Pemilu 2009 tinggal menghitung hari. Bendera partai politik sudah berkibar di mana-mana mengotori pemandangan kota. Iklan-iklan parpol dan capres sudah jor-joran tampil di berbagai media. Sekarang, adakah agenda paling mendesak bangsa ini yang mereka usung? Lantas, apa agenda paling mendesak yang harus dilakukan calon pemimpin negeri ini agar bangsa besar bernama Indonesia bisa diselamatkan dari kehancuran?

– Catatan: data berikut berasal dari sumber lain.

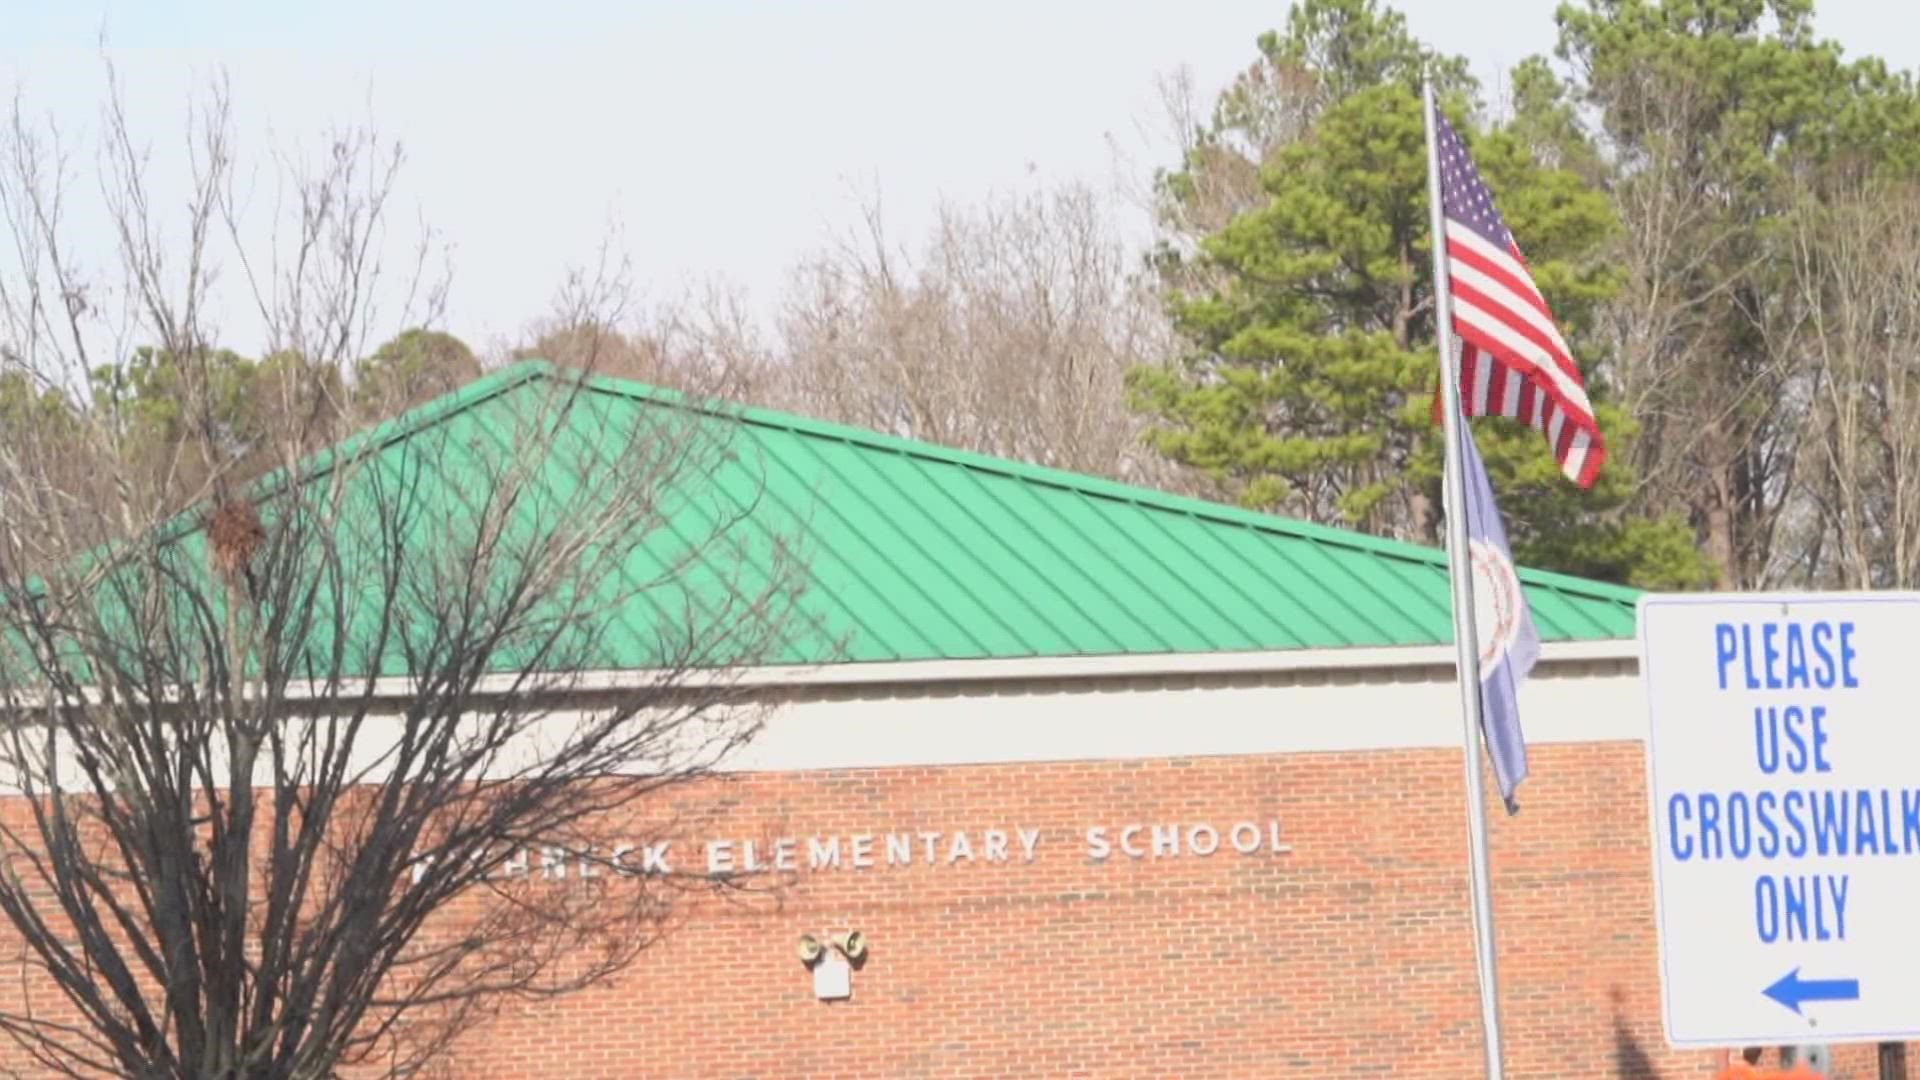 Parents returned to Richneck Elementary School to pick up their children's belongings they left behind amid the shooting scare and school lockdown.

Dalam bukunya “Agenda Mendesak Bangsa: Menyelamatkan Indonesia ! (2008), Amien Rais menulis: “Masalah pokok bangsa kita adalah bahwa semangat kemerdekaan, kedaulatan, dan kemandirian kita sudah hilang untuk kurun waktu yang cukup lama, terlebih-lebih pada era sekarang ini.”
John Pilger, kolumnis sekaligus pembuat film independen Australia, di dalam kilpnya berjudul “The New Ruler of the World” menyatakan, “Indonesia merupakan negeri besar yang jatuh menjadi bangsa pengemis…” Hal ini disebabkan, sepeninggal Soekarno, para Indonesia tidak memiliki karakter yang kuat untuk membangun bangsanya. Yang ada adalah karakter penipu, pencuri, perampok, dan mental korup.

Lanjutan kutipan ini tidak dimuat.